**Provided material**:
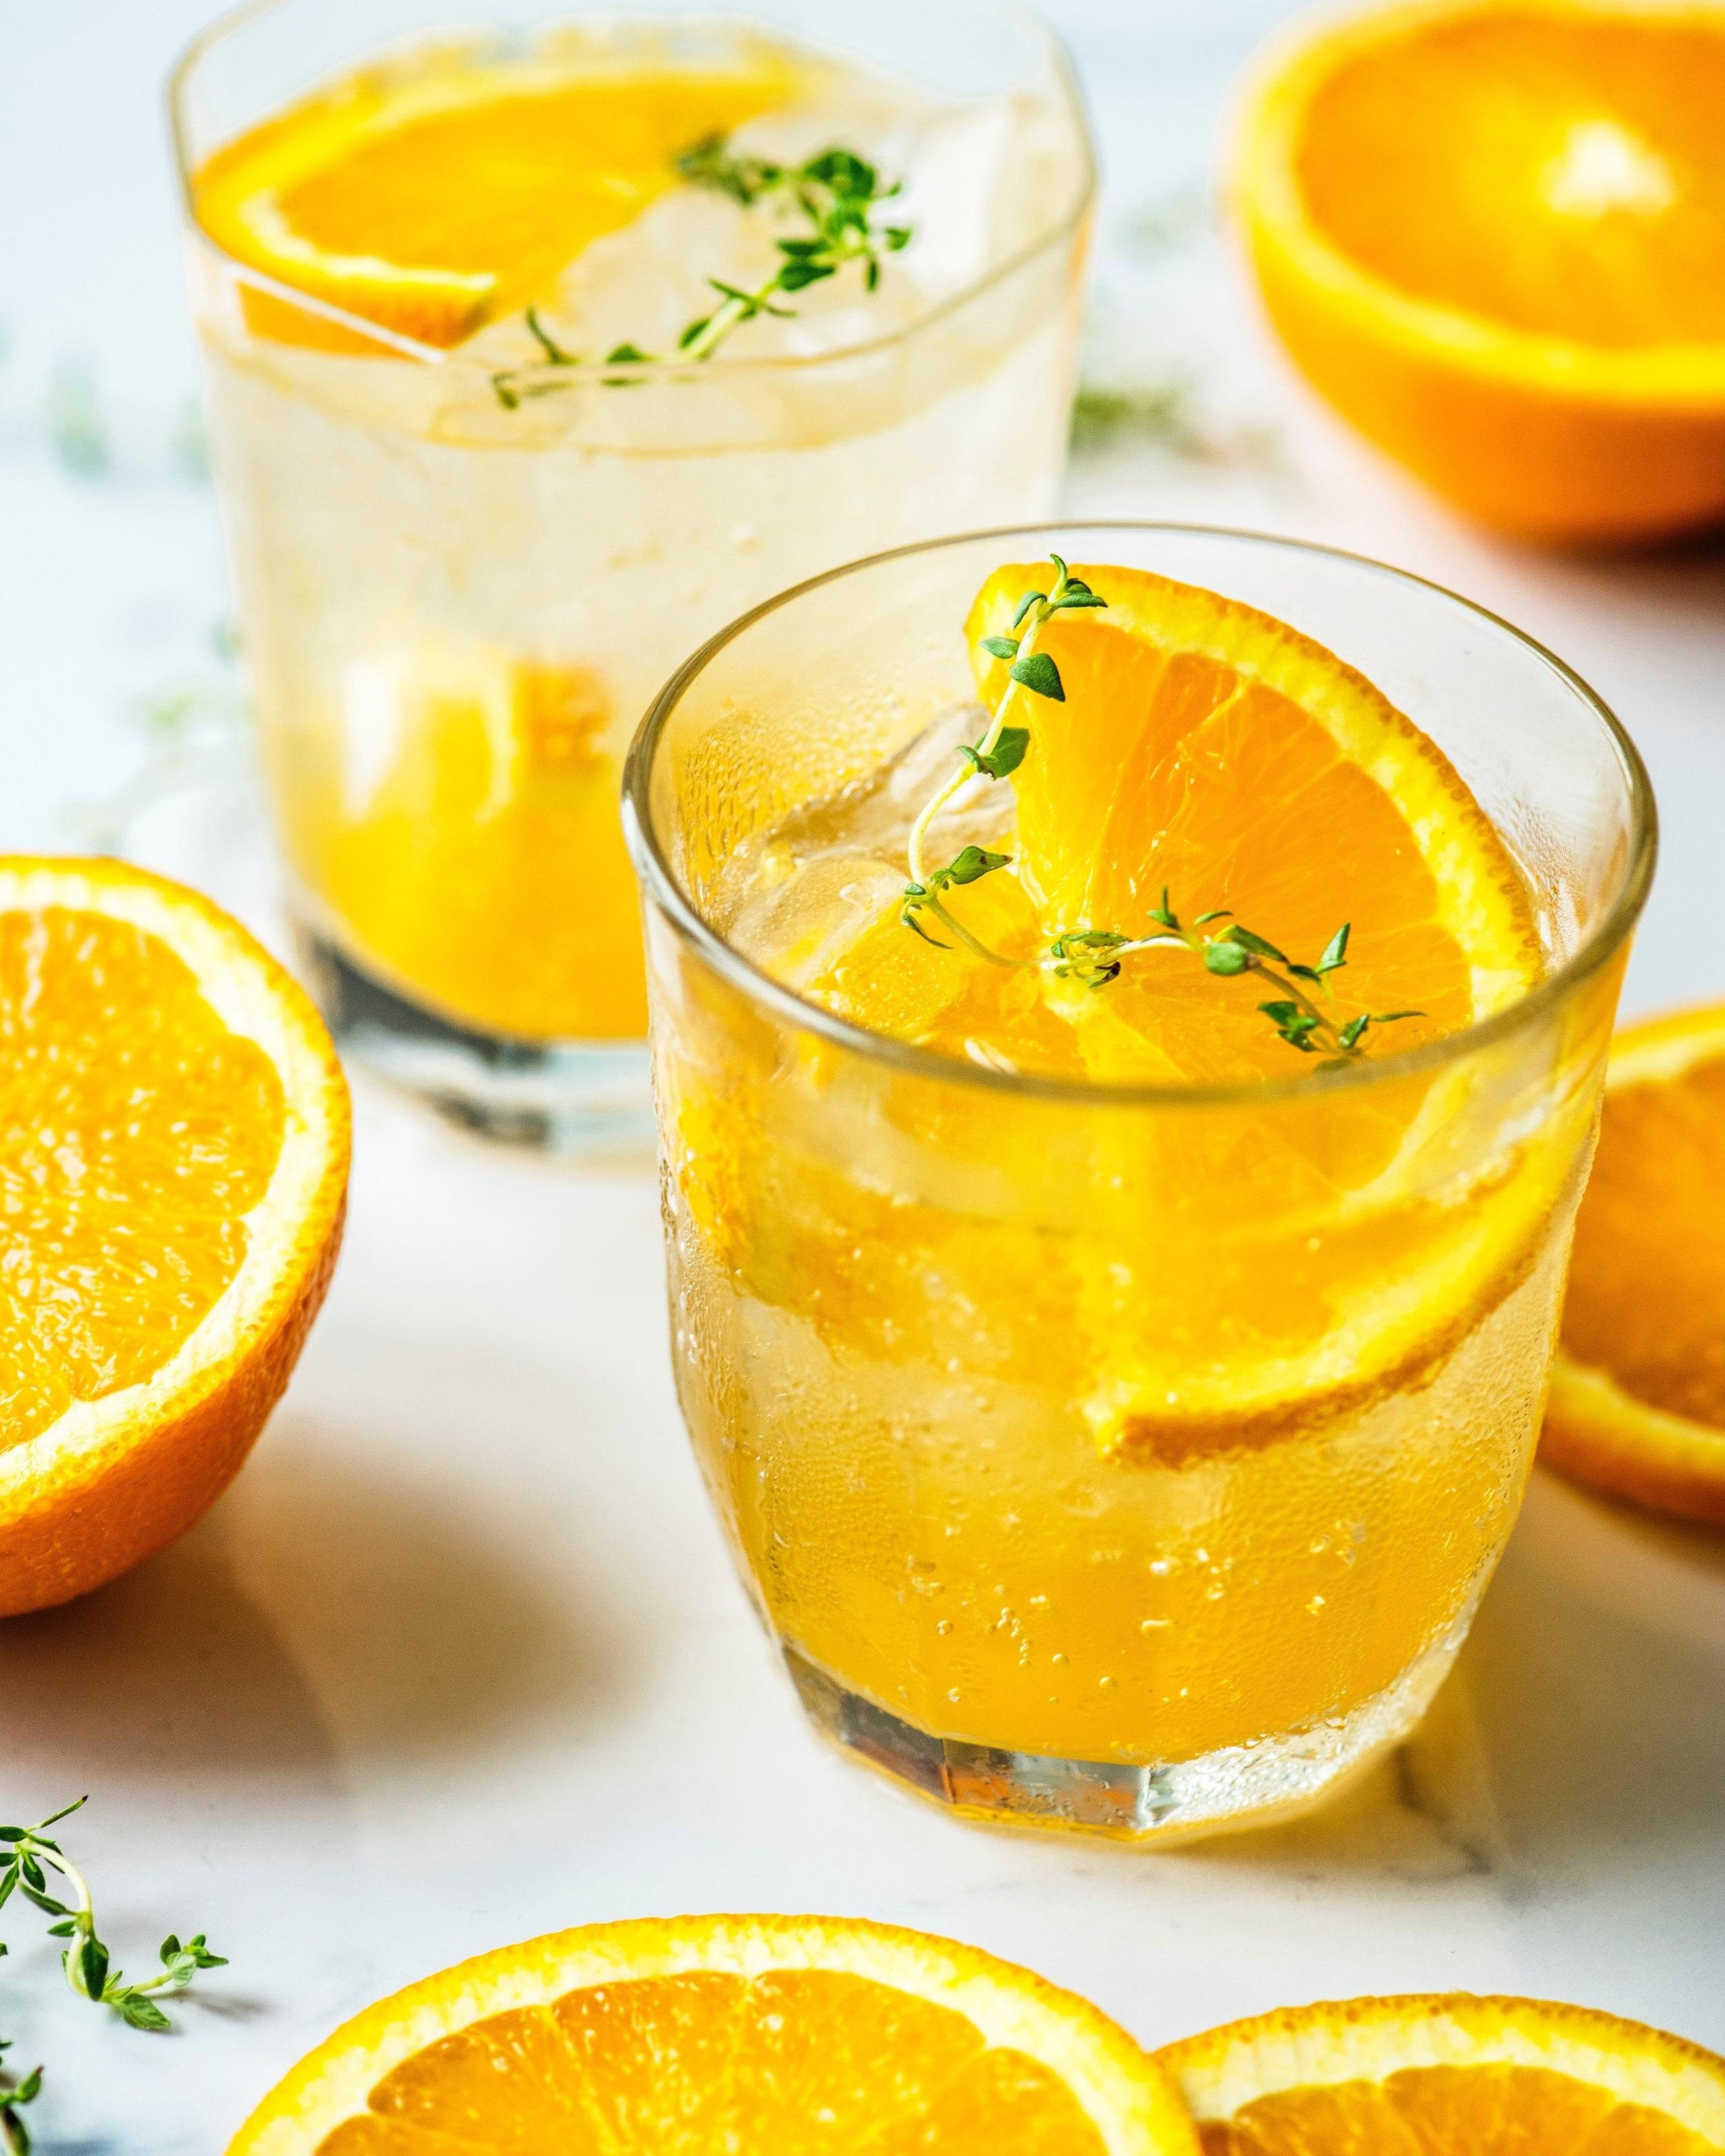 antioxidant-beneficial-beverage-1282174.jpg
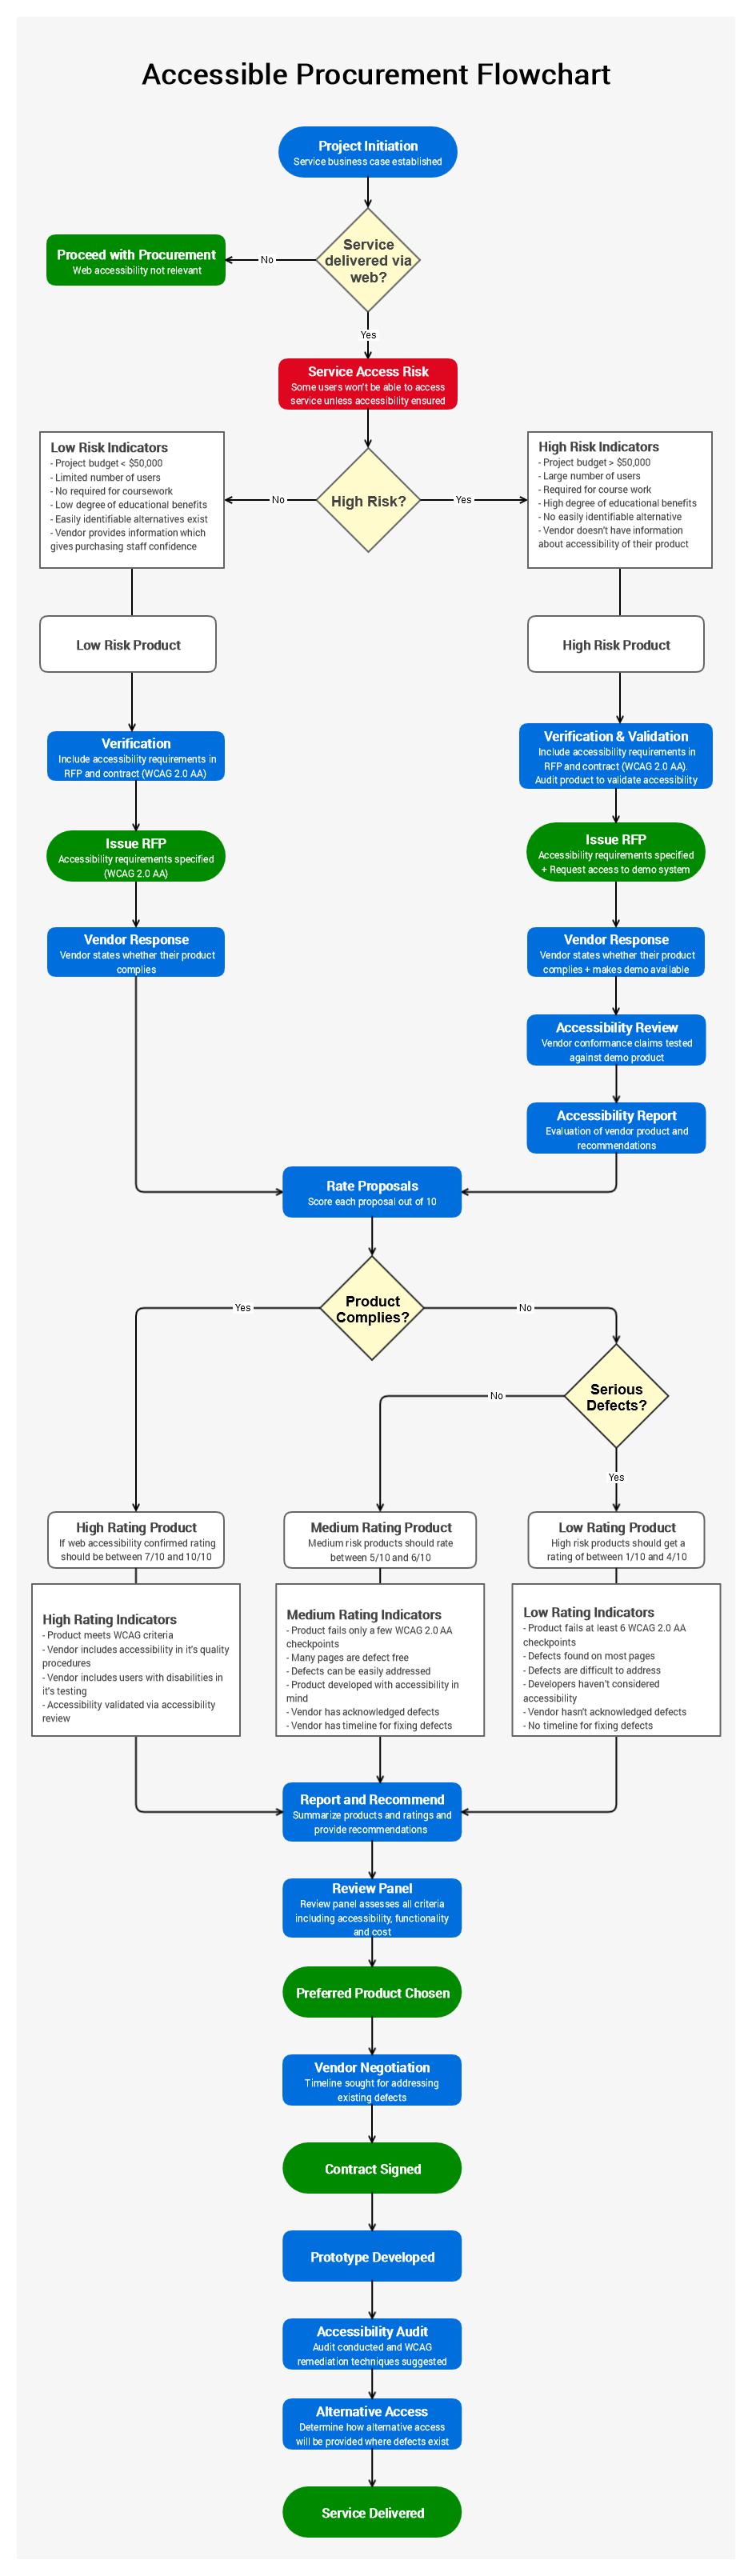 Flowchart showing stops in procurement process
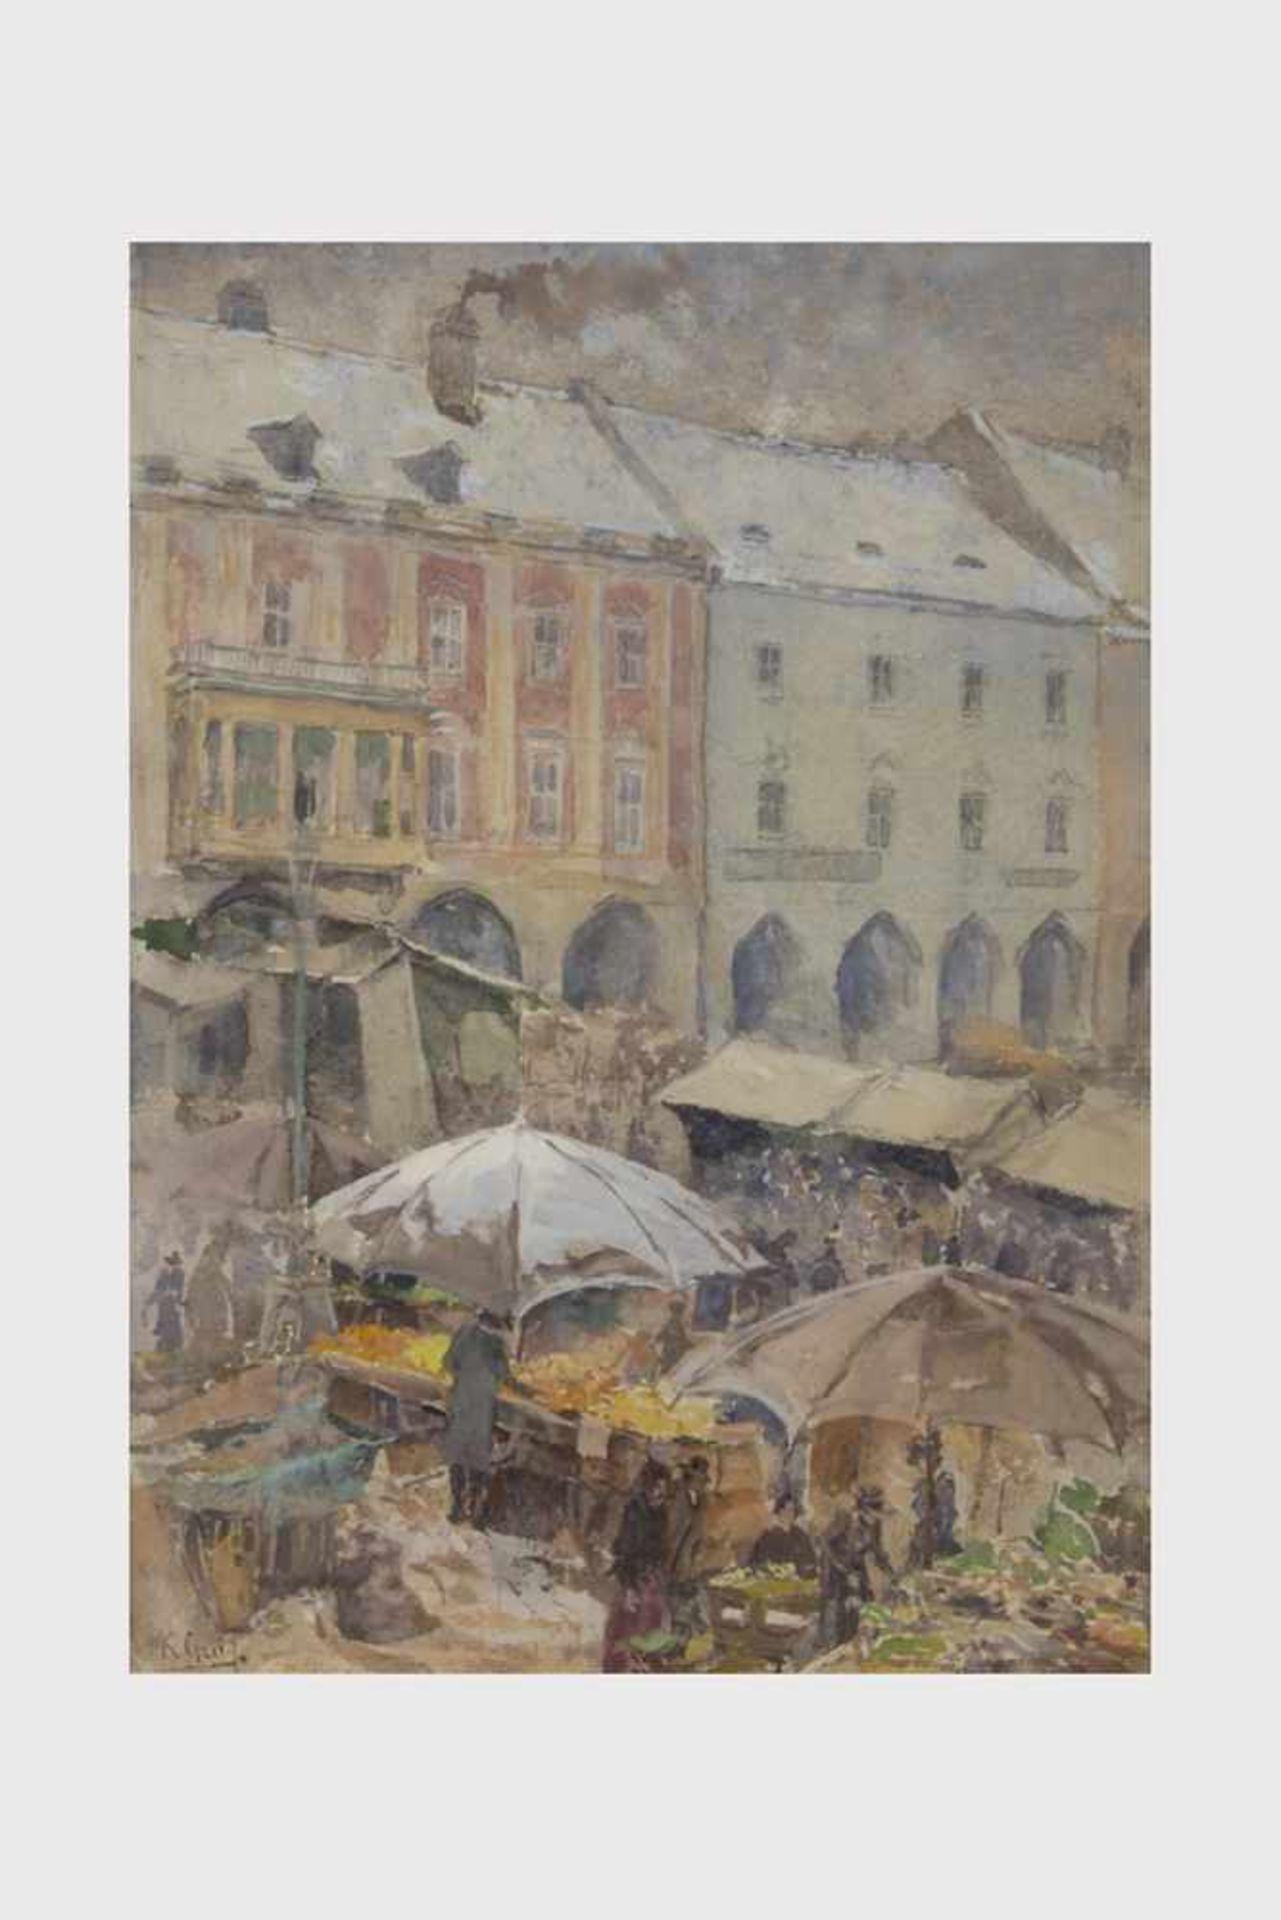 Los 12 - Karl Graf, (1859-1925), Marktplatz Wiener Neustadt, Aquarell, signiert K. Graf, 37,5x26,5, in

**What the exercise asks**: Everything in the material must be duplicated exactly, except the pictures.

**Task solution**:
 antioxidant-beneficial-beverage-1282174.jpg
 Flowchart showing stops in procurement process
 Los 12 - Karl Graf, (1859-1925), Marktplatz Wiener Neustadt, Aquarell, signiert K. Graf, 37,5x26,5, in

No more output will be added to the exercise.